Evogene Ltd (EVGN) is not a strong buy at the moment for a beginner investor with a long-term strategy. The stock shows weak financial performance, no significant positive trading signals, and limited catalysts for growth in the near term. While the company has a promising AI discovery engine and collaborations, its financials and technical indicators suggest caution.
The MACD is positive and expanding, indicating slight bullish momentum. However, the RSI is neutral, and the moving averages are bearish, with SMA_200 above SMA_20 and SMA_5. The stock is trading near its pivot level of 0.812, with resistance at 0.888 and support at 0.736. Overall, the technical indicators suggest a mixed to bearish trend.

Gross margin increased by 25.88% YoY in the latest quarter.
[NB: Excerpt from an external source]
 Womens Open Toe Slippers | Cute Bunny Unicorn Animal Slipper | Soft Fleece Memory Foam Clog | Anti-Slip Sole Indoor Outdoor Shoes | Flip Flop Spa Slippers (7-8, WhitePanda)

There is no recent news or significant trading trends from hedge funds, insiders, or Congress. Analysts have lowered the price target from $2.50 to $1.75.
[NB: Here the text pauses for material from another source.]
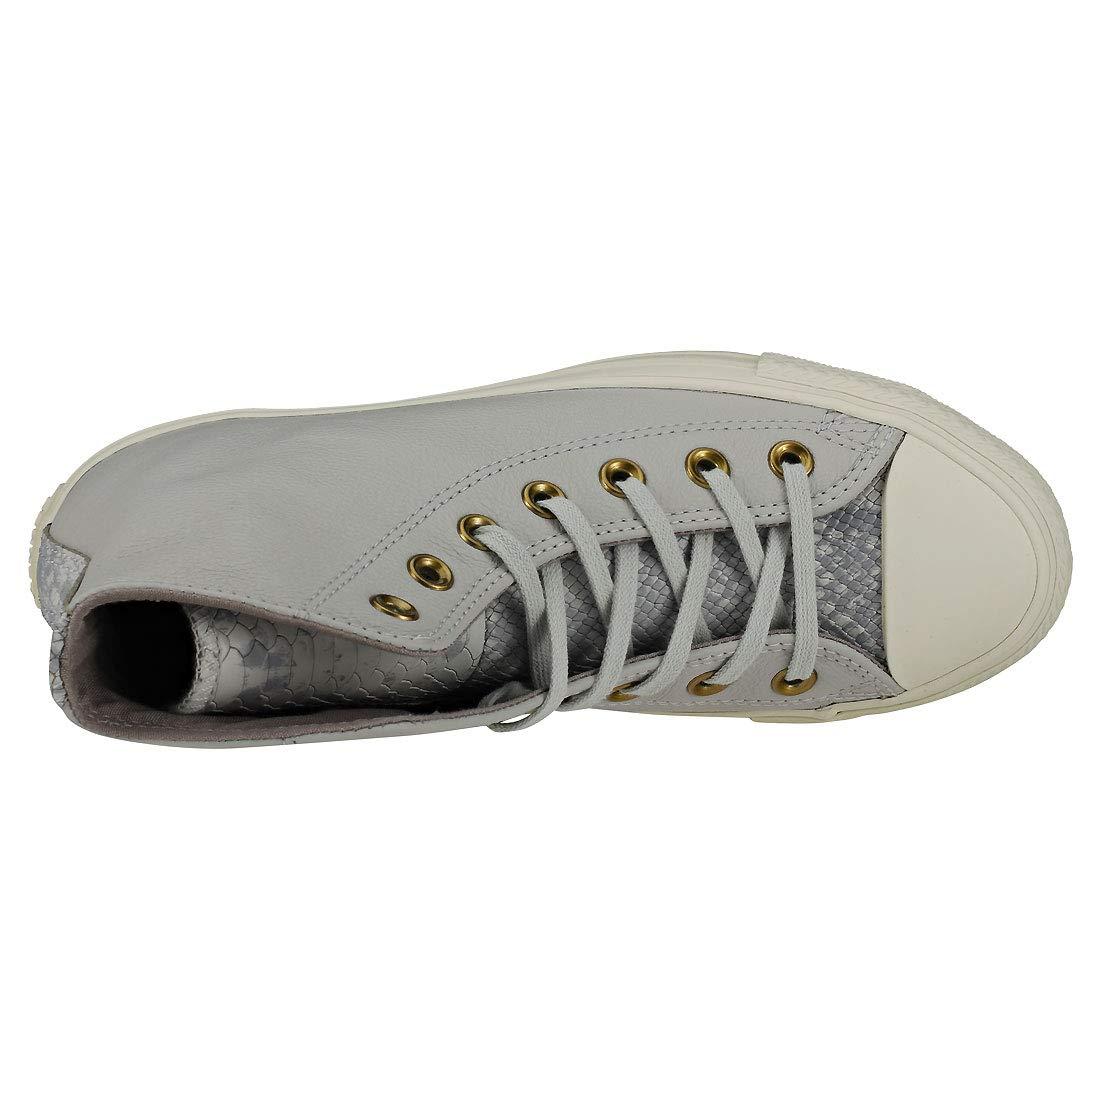 Converse Chuck Taylor Ctas Hi Scarpe da Ginnastica Basse Donna Donna Donna | Prima Consumatori  | Sig/Sig Ra Scarpa  eb76e5

In Q4 2025, revenue dropped significantly to $314,000 (-80.51% YoY), net income fell to -$5,309,000 (-1343.33% YoY), and EPS declined to -0.61 (-1116.67% YoY). However, gross margin improved to 66.88% (+25.88% YoY).
Analysts maintain a Buy rating but have lowered the price target from $2.50 to $1.75, citing the company's focus on its AI discovery engine and collaborations. However, the financial outlook remains weak, and the cash balance is expected to last until 2H27.